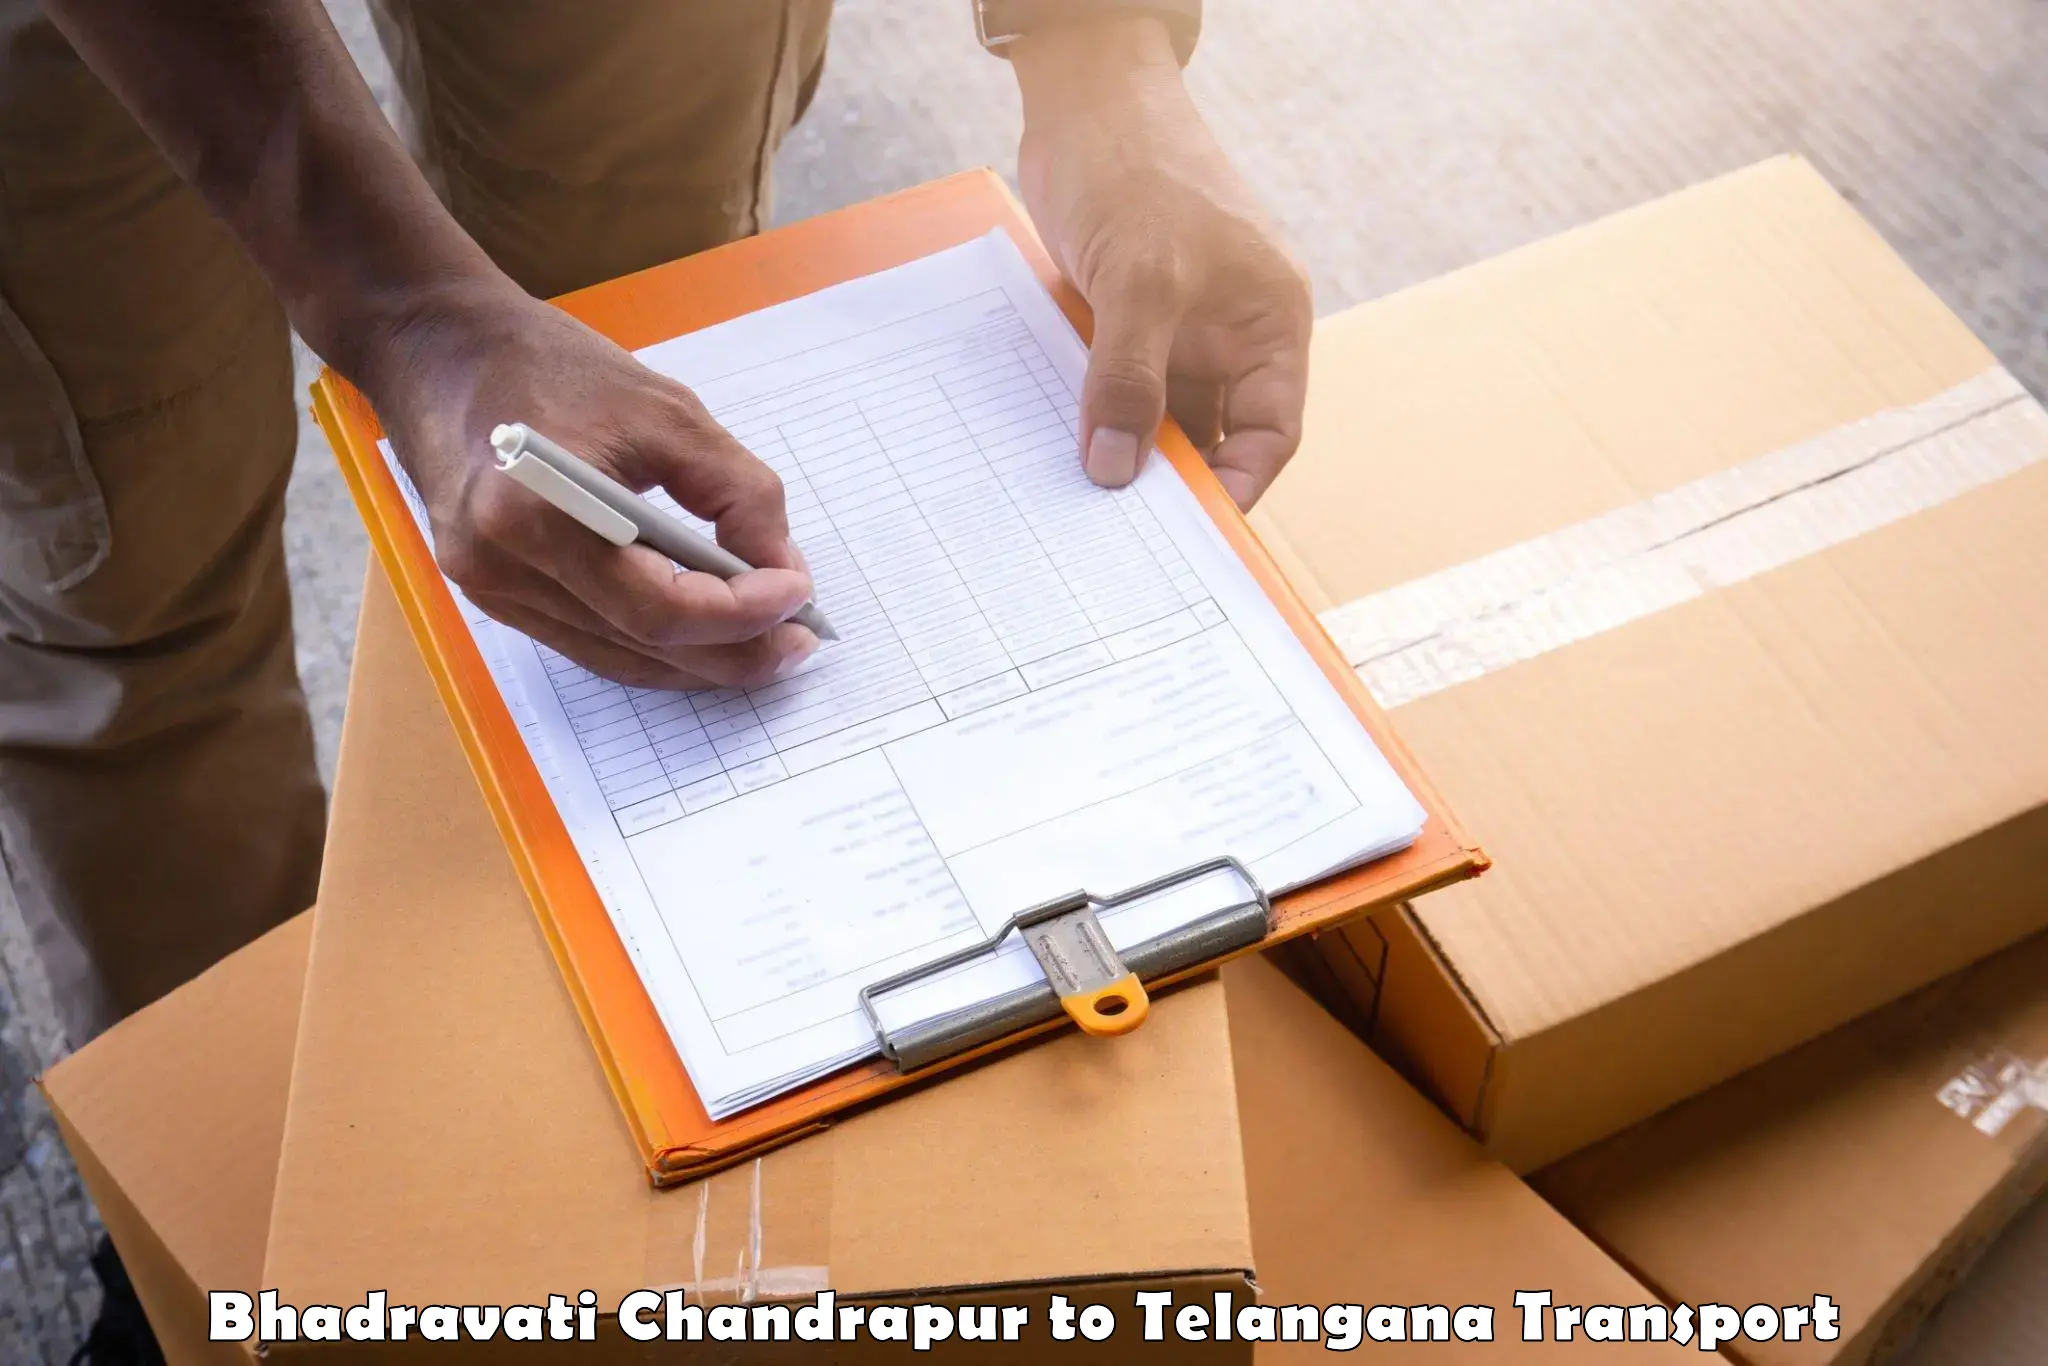 Truck transport companies in India Bhadravati Chandrapur to Mulugu
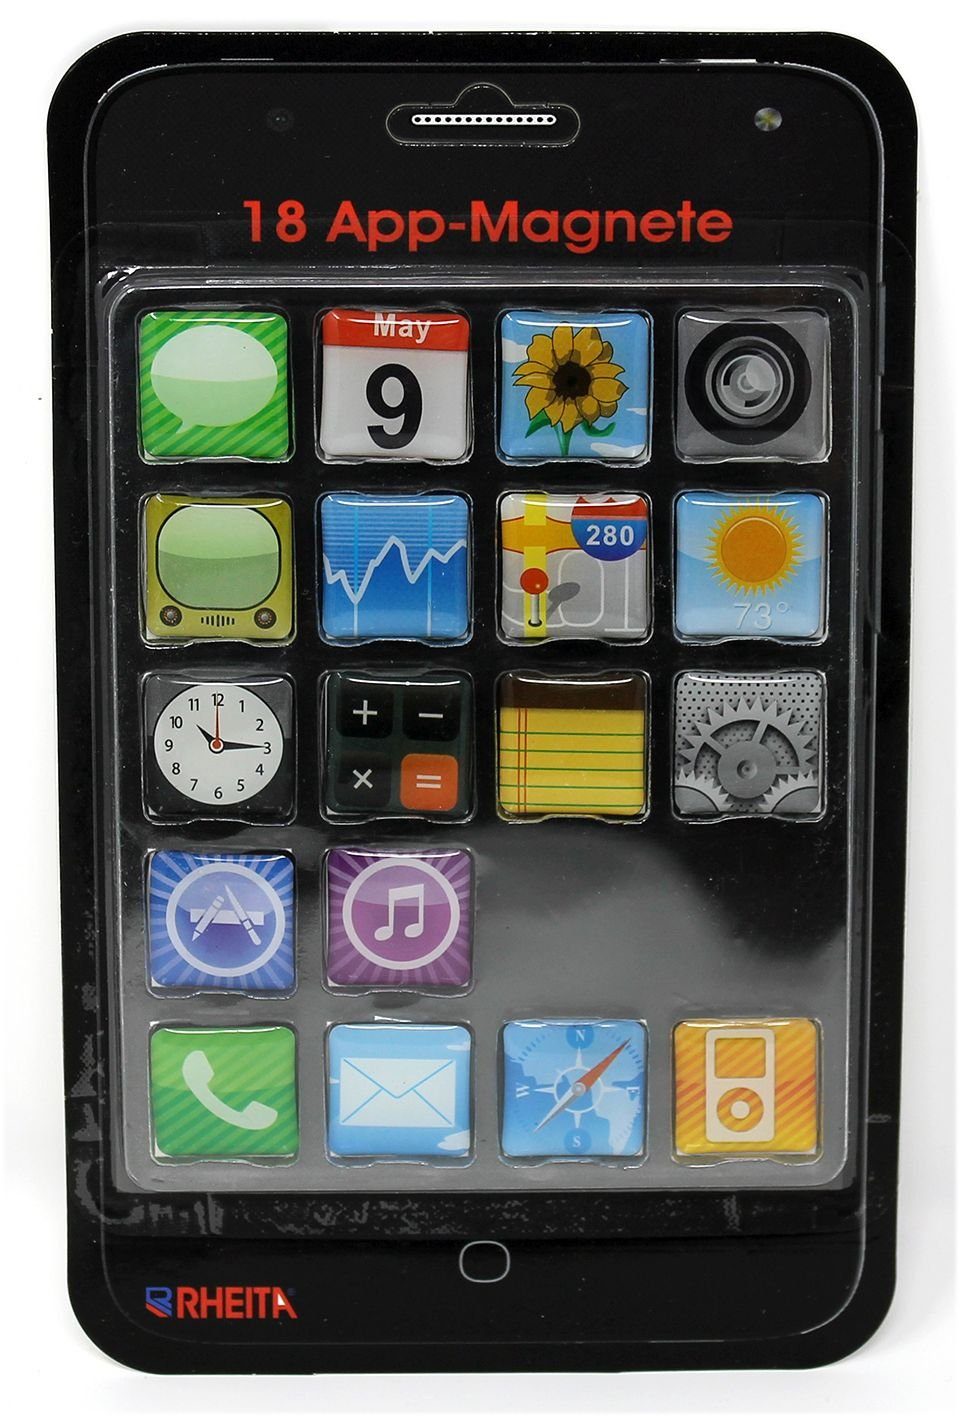 Rheita Handgelenkstütze Magnete im App-Design - 20 x 20 x 3,5 mm, 18 Stück, sortiert
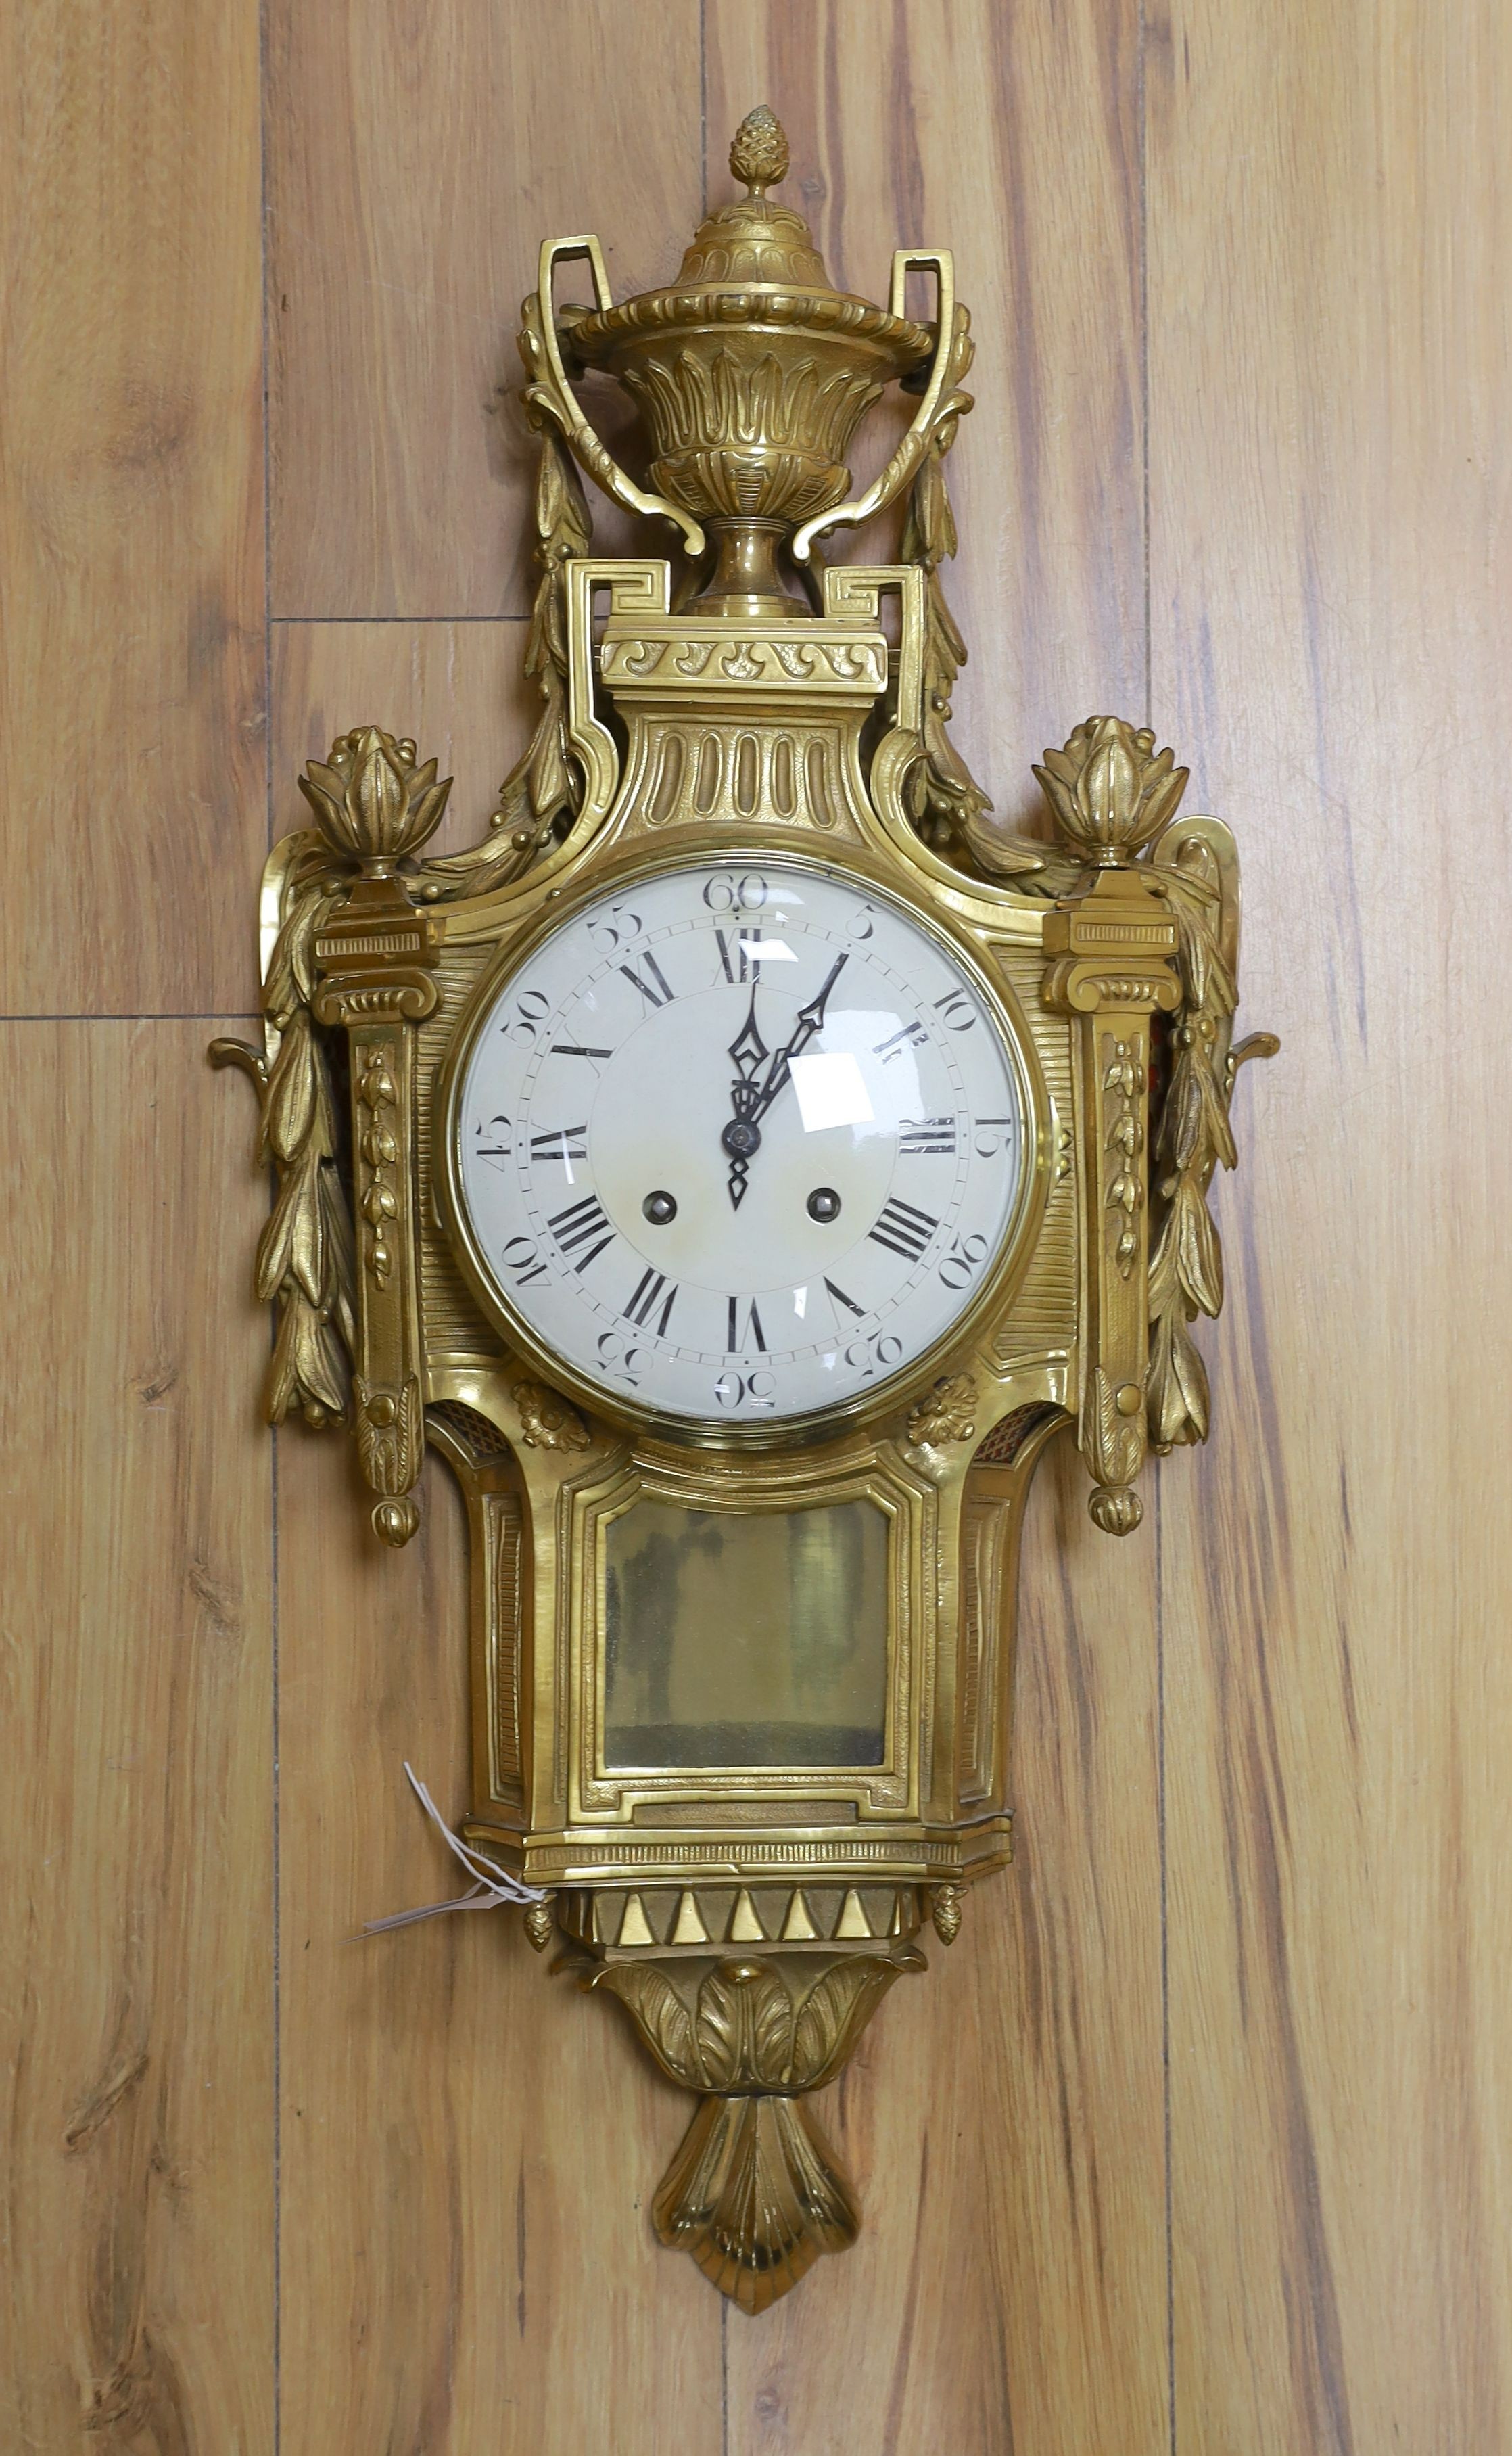 A decorative brass Cartel wall clock - 80cm tall

..........

* **Work instructions**:
Print the listing exactly, minus any pictures.

* **Output of the exercise**:
 Truck transport companies in India Bhadravati Chandrapur to Mulugu
 Rheita Handgelenkstütze Magnete im App-Design - 20 x 20 x 3,5 mm, 18 Stück, sortiert
 A decorative brass Cartel wall clock - 80cm tall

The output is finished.